**Activity**
What you write should match, word for word, the lines from the one containing "Le Volcan, by Oscar Niemeyer" through the end of the data, with no pictures.

**Supplied information**
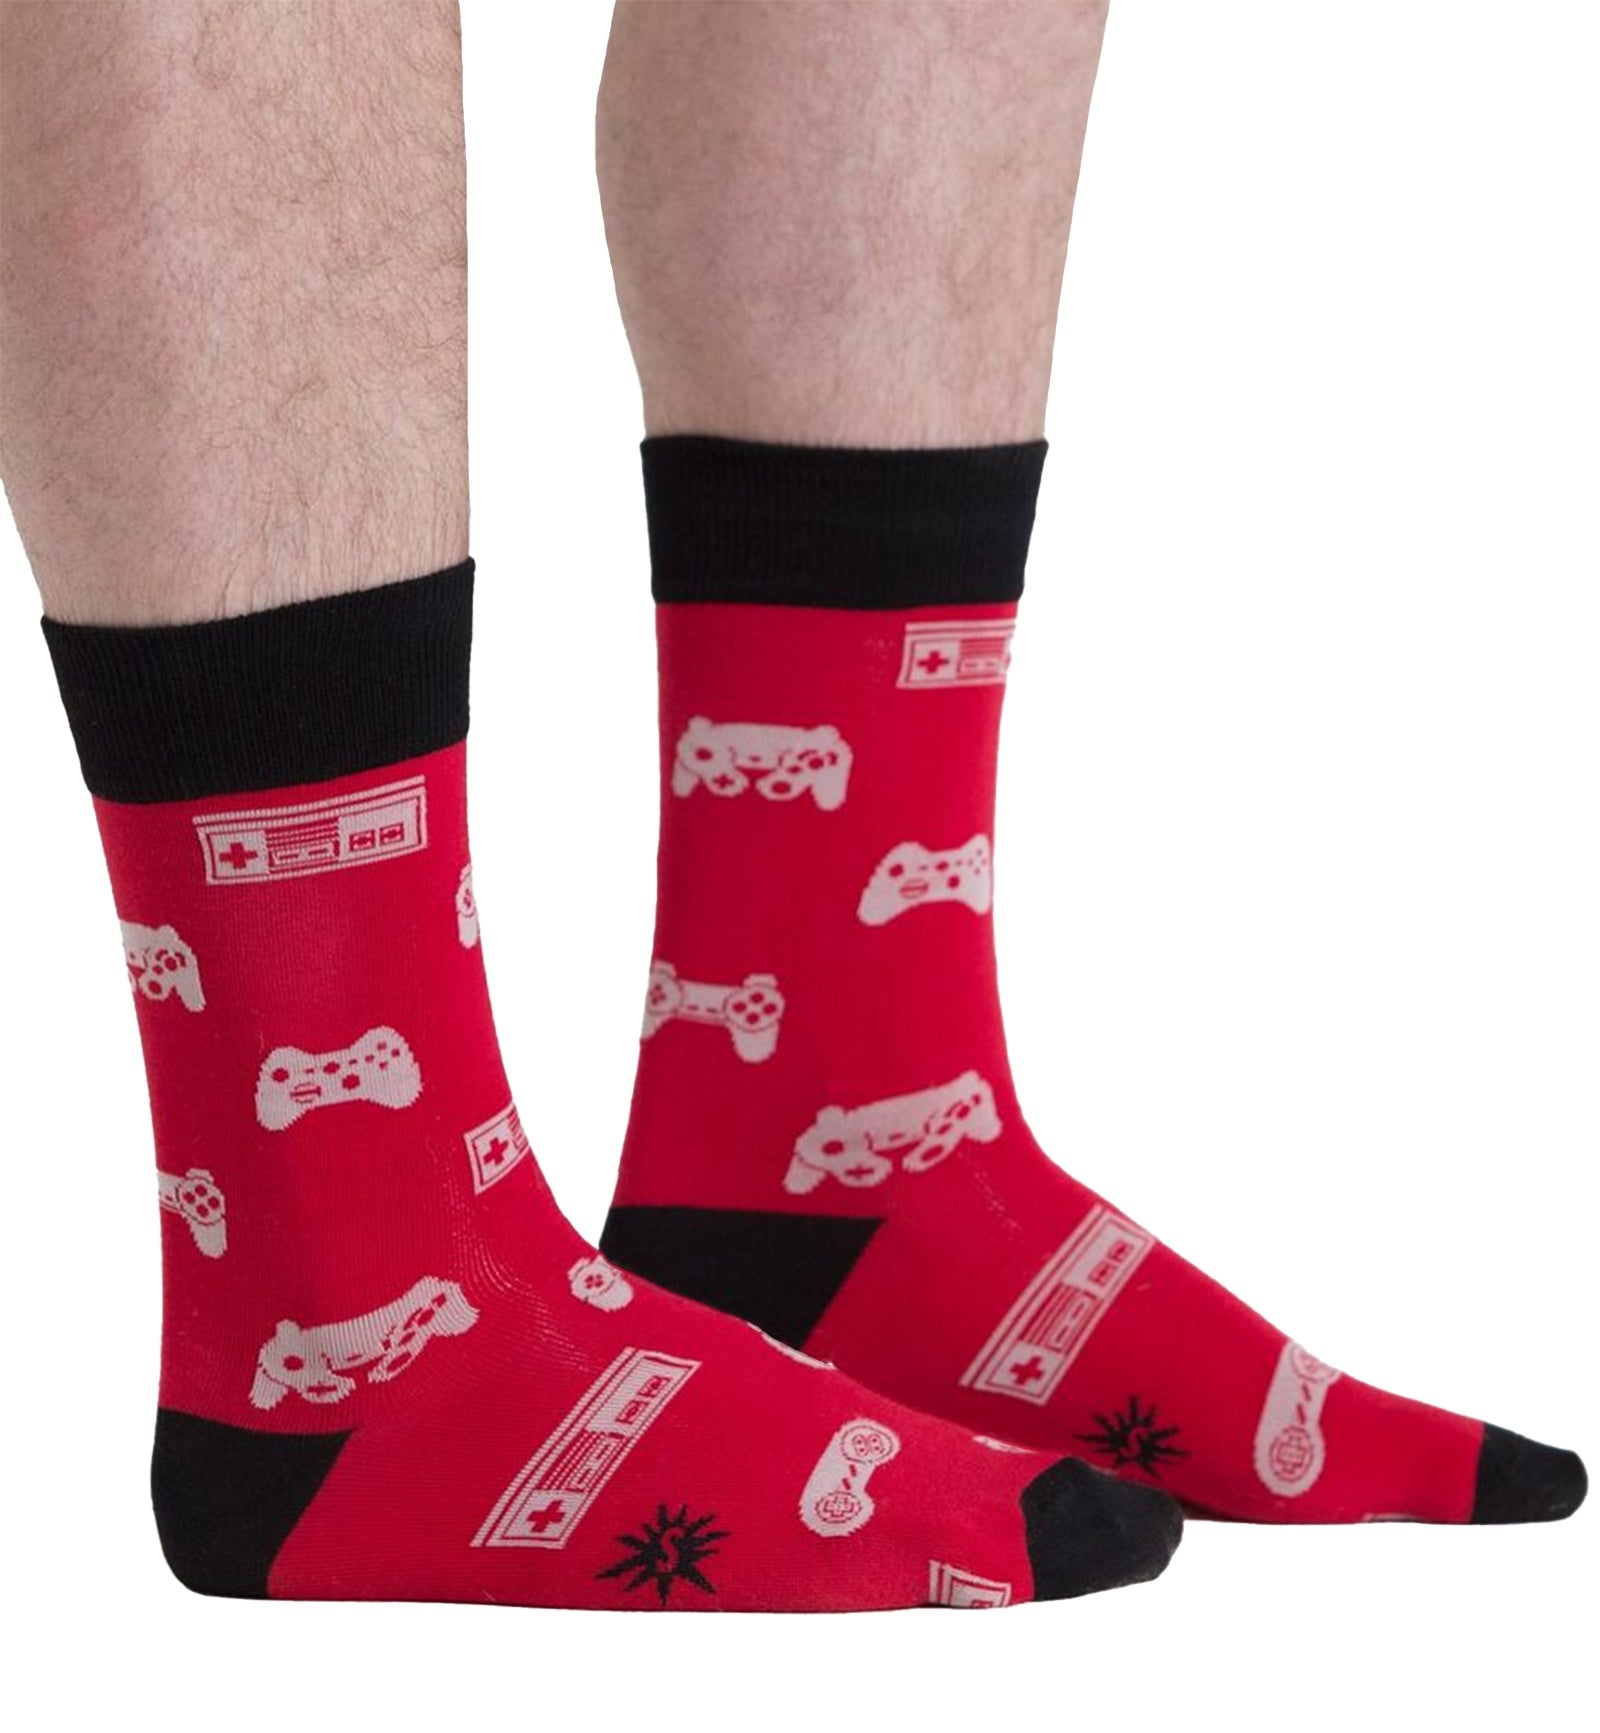 SOCK it to me Men's Crew Socks (mef0112),Multi Player - Multi Player,One Size
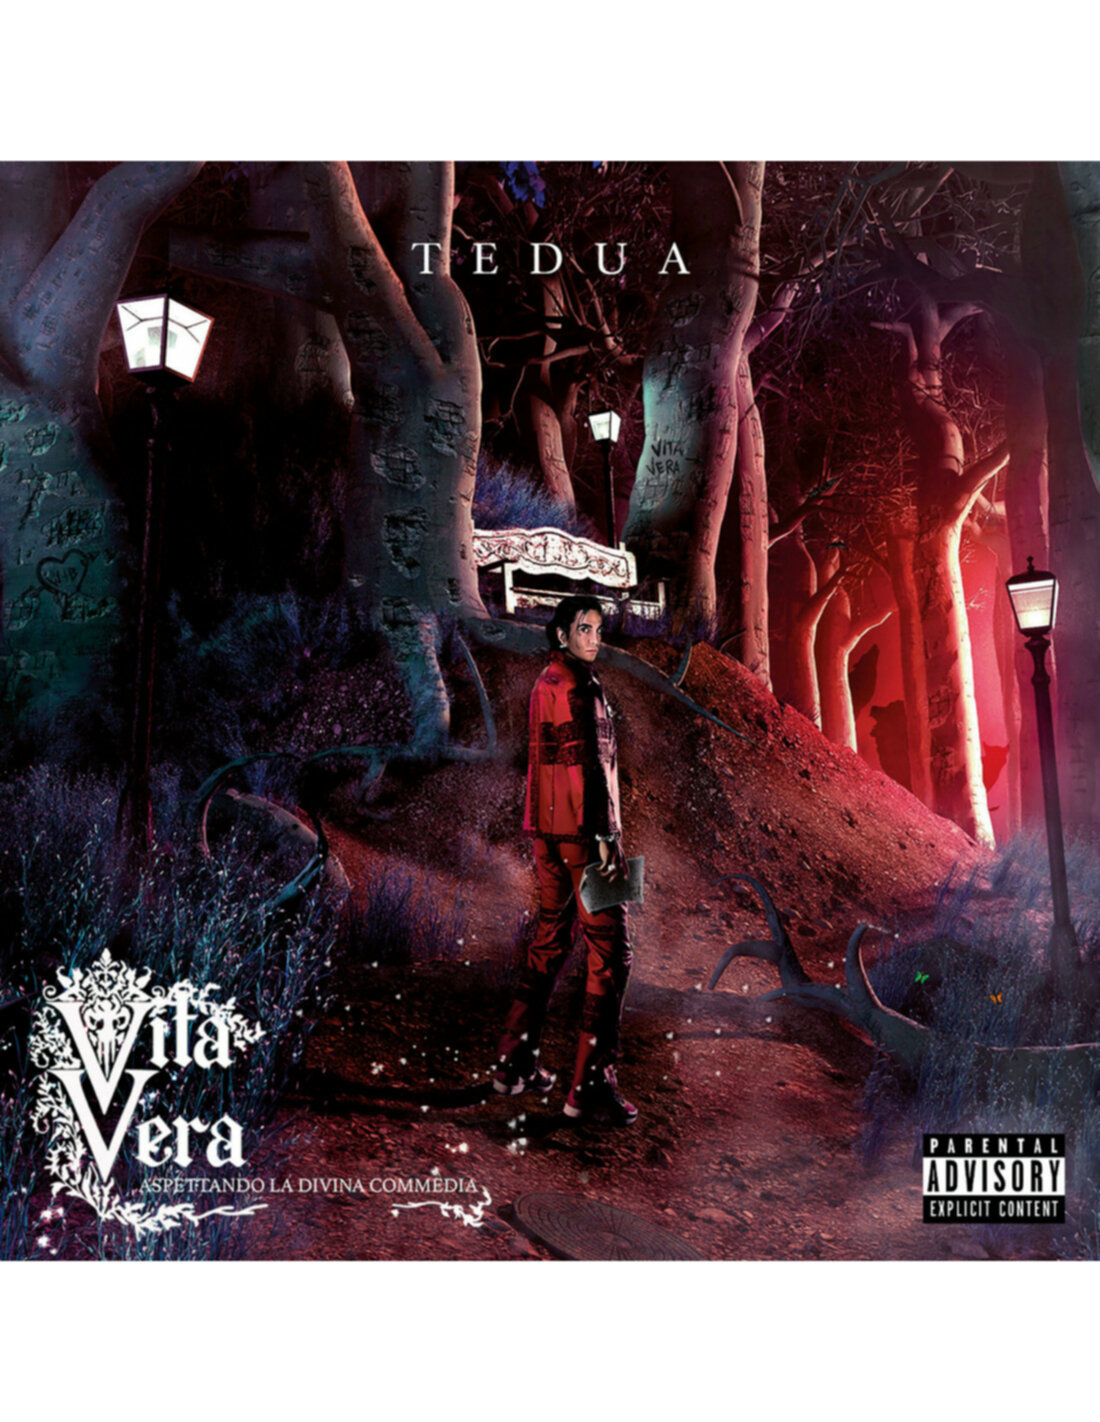 Tedua - Vita Vera - Mixtape, Aspettando La Divina Commedia (Red Edt.) - (CD)
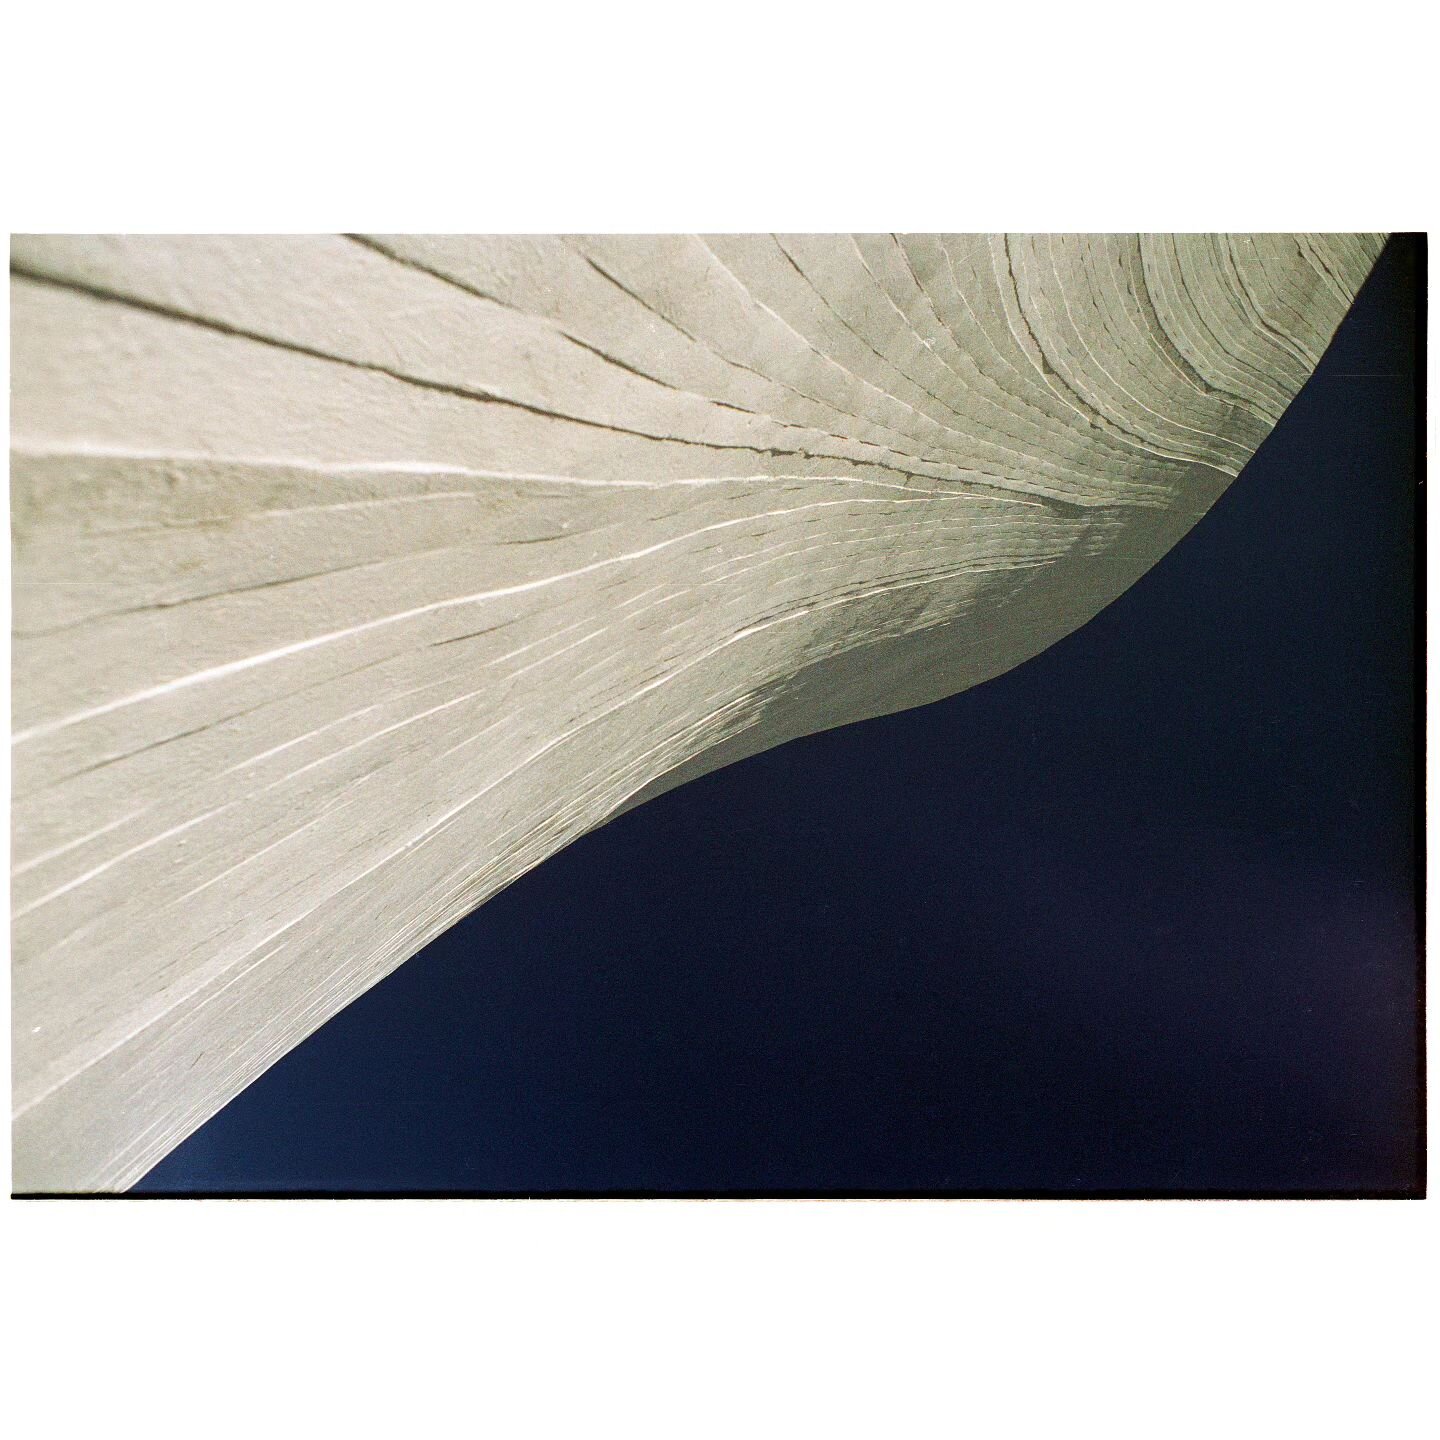 Le Volcan, by Oscar Niemeyer

Digitized colour negative film - 2004

#lehavre #volcan #normandie #architecture #oscarniemeyer #niemeyer #levolcan #photographer #analogphotography #kodakfilm #kodak @levolcan76 @lh_lehavre

**Solved problem**
 Le Volcan, by Oscar Niemeyer

Digitized colour negative film - 2004

#lehavre #volcan #normandie #architecture #oscarniemeyer #niemeyer #levolcan #photographer #analogphotography #kodakfilm #kodak @levolcan76 @lh_lehavre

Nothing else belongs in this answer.